T2: Learning with Covariance Matrices: Foundations and Applications to Network Neuroscience

9:00 am 12:30 pm

Henk Wymeersch and Nuria González-Prelcic

T3: Distributed Integrated Sensing and Communication (DISAC): Foundations, Architectures, and Signal Processing Enablers

9:00 am 12:30 pm

Elvin Isufi, Samuel Rey, Bishwadeep Das and Geert Leus

T4: Signal Processing on and for Dynamic Graphs

9:00 am 12:30 pm

Osvaldo Simeone, Bipin Rajendran and Tianyi Chen

T5: Advances in Neuromorphic Computing: Models, Hardware, and Optimization

9:00 am 12:30 pm

Qu Qing, Yuxin Chen, Yuting Wei and Liyue Shen

T6: Harnessing Low Dimensionality in Diffusion Generative Modeling: From Theory to Practice

9:00 am 12:30 pm

Ali Tajer, Karthikeyan Shanmugam, Burak Varici and Emre Acartürk

T7: Causal Representation Learning

2:30 pm 6:30 pm

Bingcong Li, Georgios Giannakis and Yilang Zhang

T8: Low-Rank Adaptation Redux in Large Models

2:30 pm 6:00 pm

Sharon Gannot and Tal Rosewein

T9: Speech Enhancement in the Hearables Era: From Basics to Advanced Neural Methods

2:30 pm 6:00 pm

Stanley Chan

T10: Diffusion Models for Imaging and Vision

2:30 pm 6:00 pm

Matteo Nerini, Bruno Clerckx and Carlo Fischione

T11: Analog Computing for Signal Processing and Communications

2:30 pm 6:00 pm

Andrea Poltronieri, Xavier Serra, Dmitry Bogdanov, Martín Rocamora and Pablo Alonso-Jiménez

T13: Current Approaches to Computational Analysis of Music Audio Signals

2:30 pm 6:00 pm

Samuel Pinilla, Kumar Vijay Mishra, Brian Sadler

T14: Invex Optimization: Theory and Applications for Signal/Image Processing and Machine Learning

T1: Multilingual Speech Recognition and Synthesis

This tutorial provides a comprehensive overview of multilingual speech recognition (ASR) and speech synthesis (TTS), focusing on recent advances that enable scalable, language-agnostic speech technologies. It begins by motivating the need for multilingual systems to support global accessibility and linguistic diversity, followed by a review of the evolution from traditional monolingual approaches to modern deep learning and large-scale foundation models.

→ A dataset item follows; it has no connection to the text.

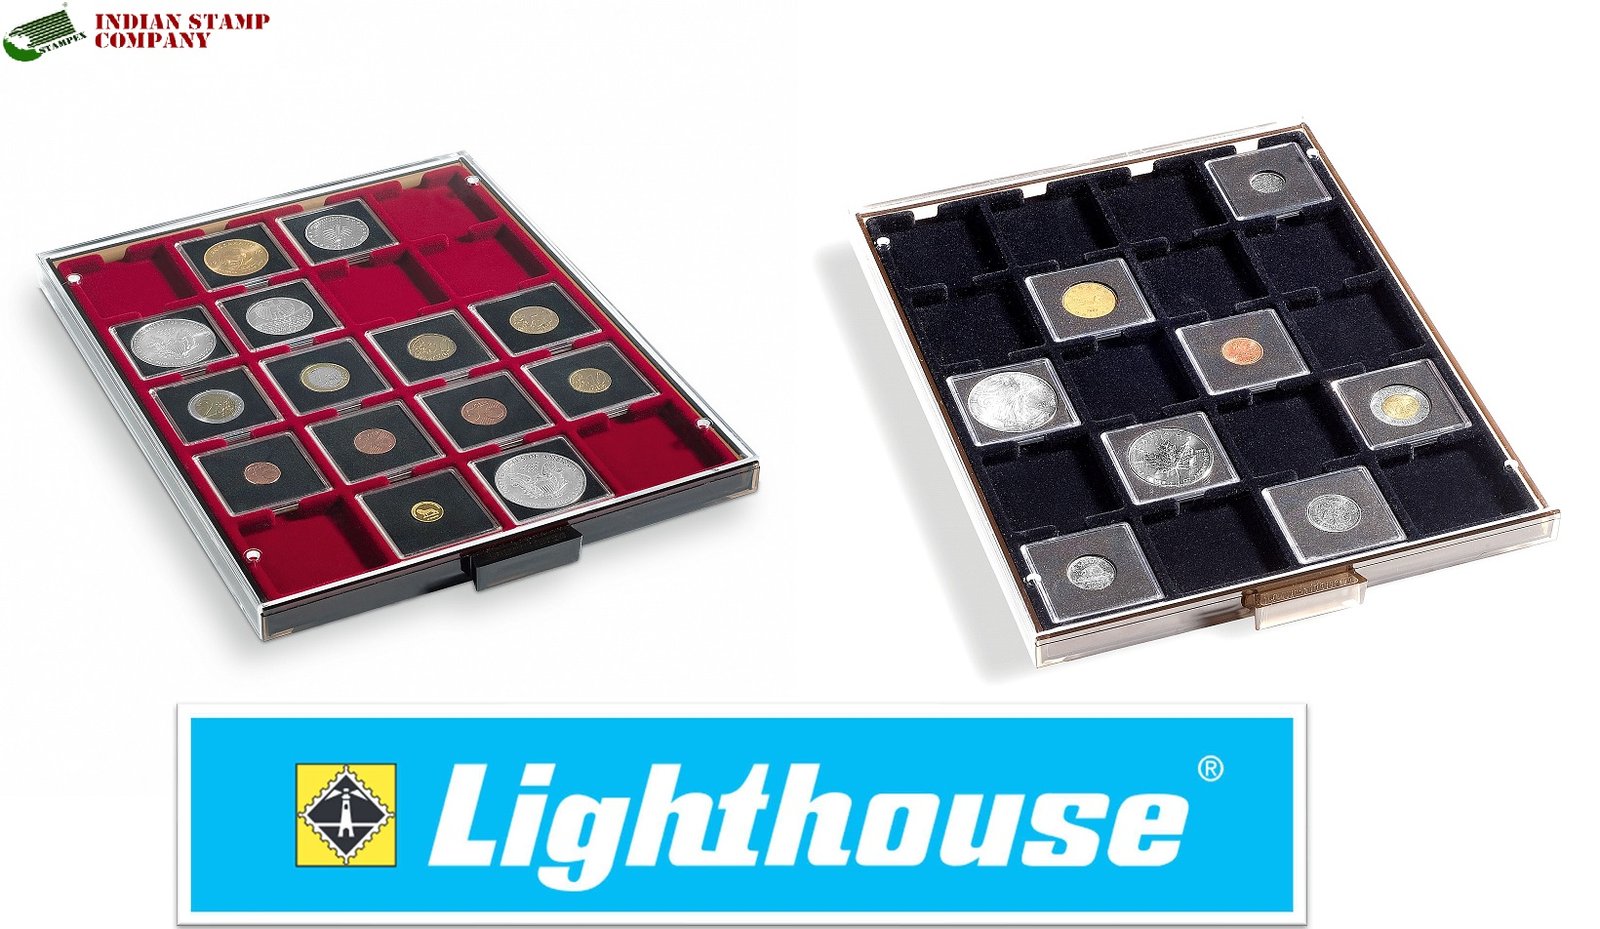 LIGHTHOUSE Coin Box Tray (Red/Black), 20 Square Compartments 50 x 50 mm, Made In Germany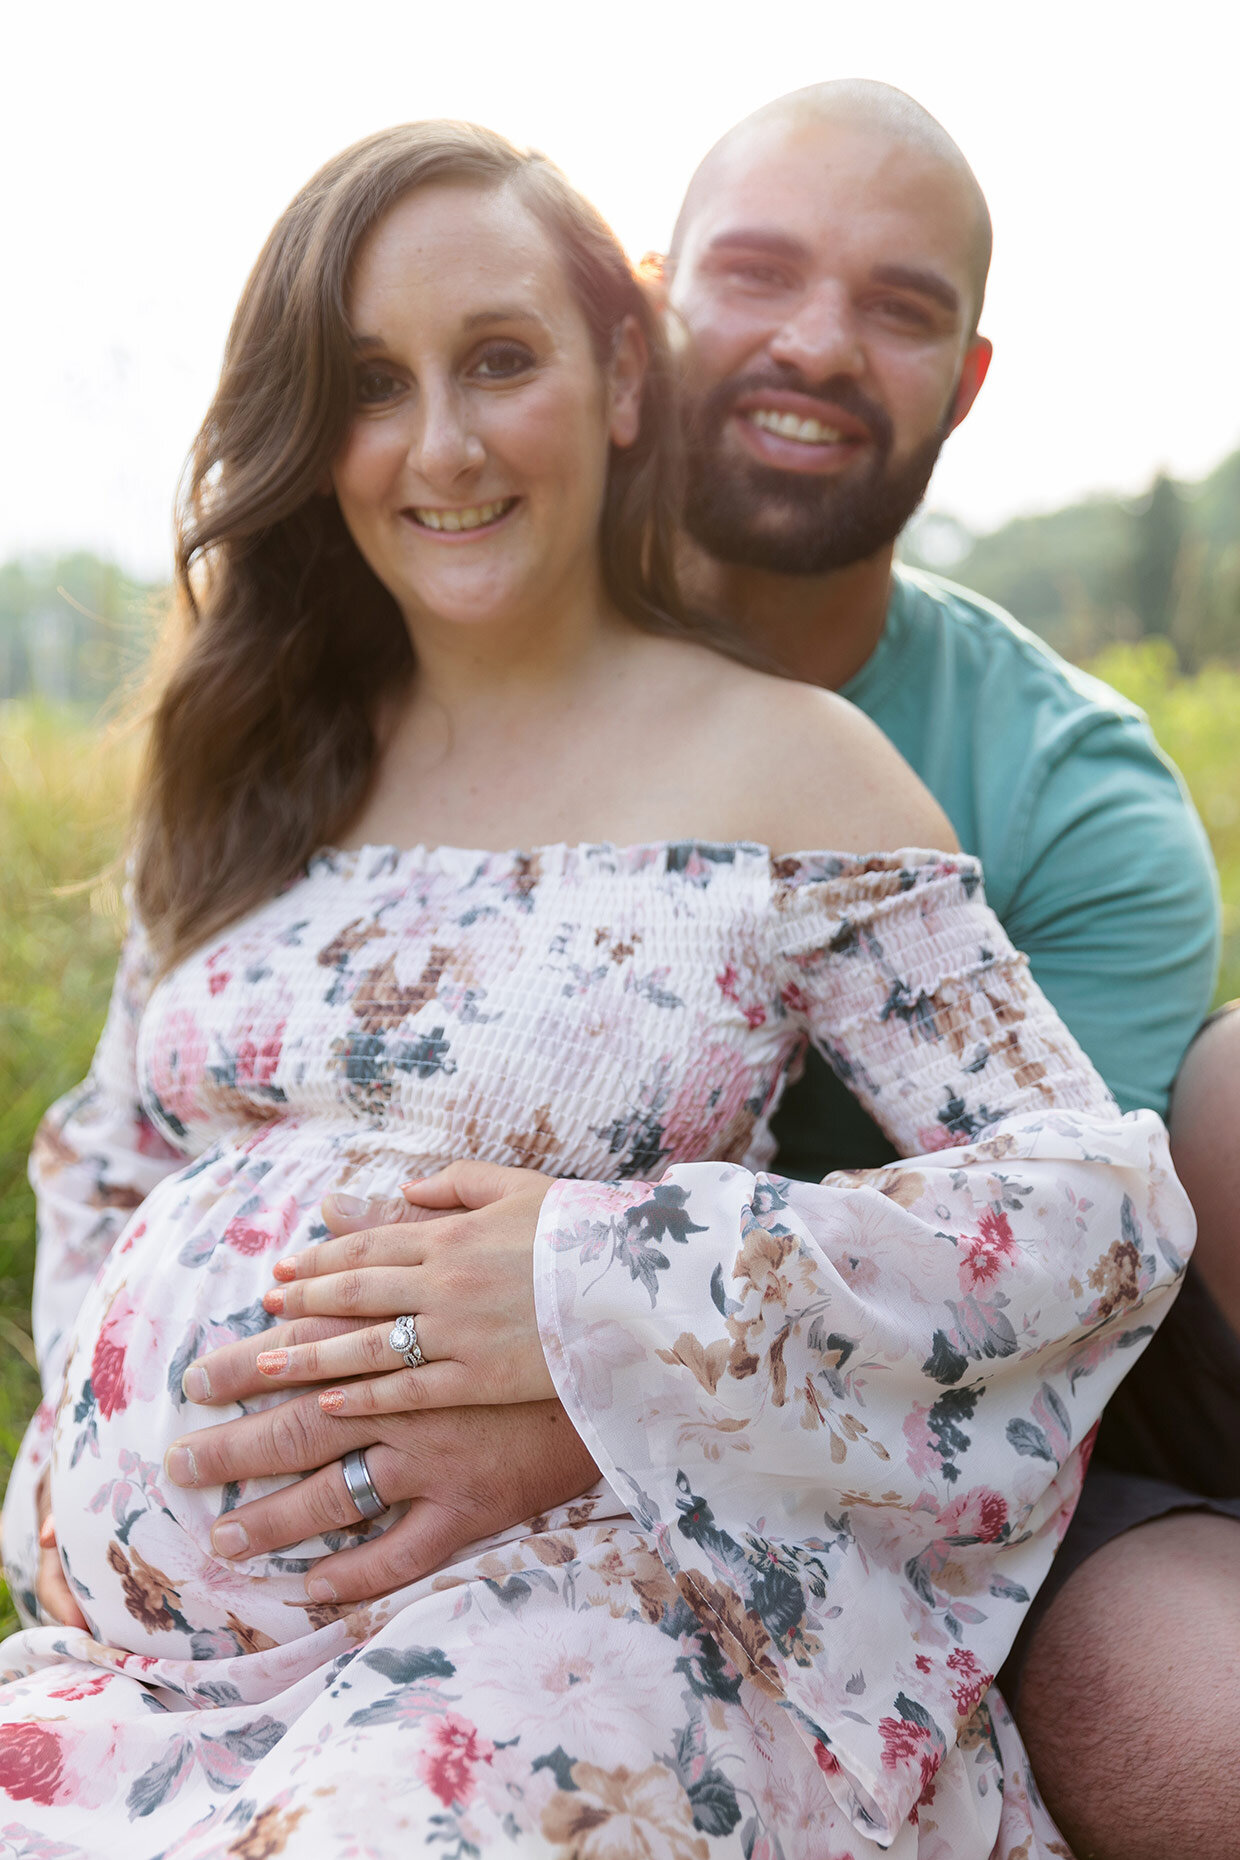 Baby Belly at Maternity session Golden Hour

The tutorial covers key techniques such as self-supervised learning, cross-lingual transfer, and unified modeling frameworks, highlighting how these approaches improve performance in low-resource languages. It also examines the integration of ASR and TTS within joint frameworks, enabling more efficient and robust speech systems.

In addition, participants will be introduced to widely used datasets, benchmarks, and open-source toolkits for multilingual speech processing. The tutorial concludes with a discussion of current challenges—including data scarcity, language imbalance, and ethical considerations—and outlines emerging research directions in unified and multimodal speech technologies.

T2: Learning with Covariance Matrices: Foundations and Applications to Network Neuroscience

This tutorial presents a unified framework for learning with covariance matrices, bridging classical statistical methods and modern deep learning approaches. It begins by revisiting principal component analysis (PCA) and its limitations in handling high-dimensional, dynamic data, motivating the need for more robust and transferable models.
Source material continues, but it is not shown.